An older woman in full traditional Palestinian embroidered dress, just like my grandma wore, was crumpled to the floor, wailing. “Help,” said the flight agent. “Talk to her . What is her problem? We told her the flight was going to be late and she did this.”
I stooped to put my arm around the woman and spoke haltingly. “Shu-dow-a, shu-bid-uck, habibti? Stani schway, min fadlick, shu-bit-se-wee?” The minute she heard any words she knew, however poorly used, she stopped crying. She thought the flight had been cancelled entirely. She needed to be in El Paso for major medical treatment the next day. I said, “No, we’re fine, you’ll get there, just late, who is picking you up? Let’s call him.”
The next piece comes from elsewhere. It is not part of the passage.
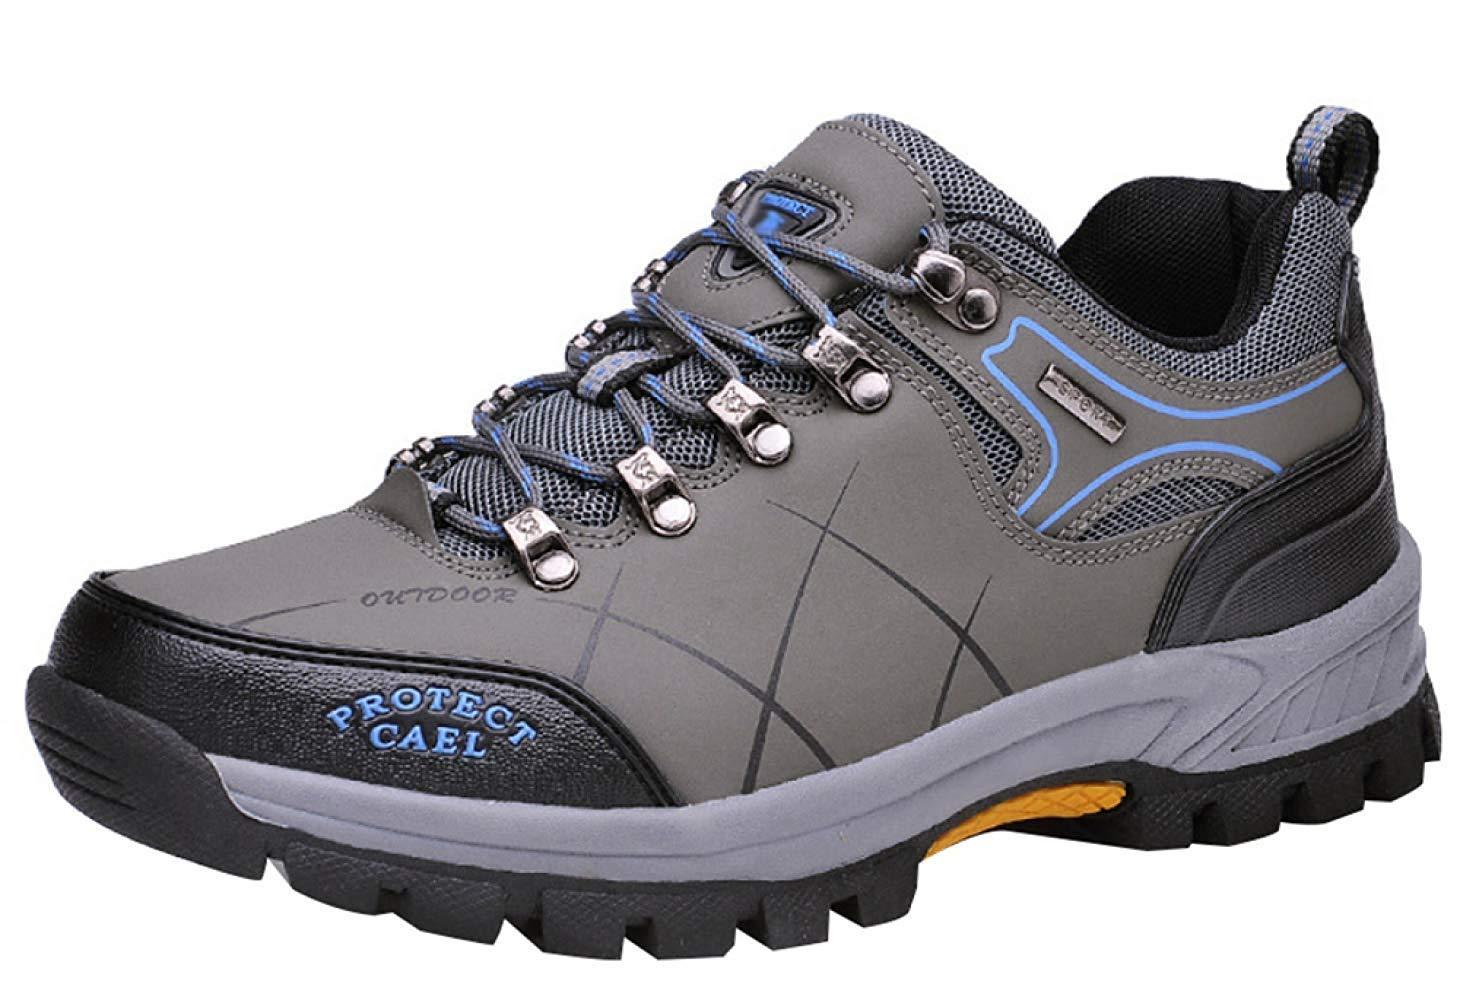 HhGold Männer Wanderschuhe Stiefel Leder Wanderschuhe Turnschuhe Für Outdoor Trekking Training Beiläufige Arbeit (Farbe : 8, Größe : 41EU)

We called her son, I spoke with him in English. I told him I would stay with his mother till we got on the plane. She talked to him. Then we called her other sons just for the fun of it. Then we called my dad and he and she spoke for a while in Arabic and found out of course they had ten shared friends. Then I thought just for the heck of it why not call some Palestinian poets I know and let them chat with her? This all took up two hours.
She was laughing a lot by then. Telling about her life, patting my knee, answering questions. She had pulled a sack of homemade mamool cookies— little powdered sugar crumbly mounds stuffed with dates and nuts— from her bag and was offering them to all the women at the gate. To my amazement, not a single traveler declined one. It was like a sacrament. The traveler from Argentina, the mom from California, the lovely woman from Laredo— we were all covered with the same powdered sugar. And smiling. There is no better cookie.
Then the airline broke out free apple juice and two little girls from our flight ran around serving it and they were covered with powdered sugar too. And I noticed my new best friend— by now we were holding hands— had a potted plant poking out of her bag, some medicinal thing, with green furry leaves. Such an old country traveling tradition. Always carry a plant. Always stay rooted to somewhere.
And I looked around that gate of late and weary ones and thought, This is the world I want to live in. The shared world. Not a single person in that gate— once the crying of confusion stopped— seemed apprehensive about any other person. They took the cookies. I wanted to hug all those other women too.
This can still happen anywhere. Not everything is lost.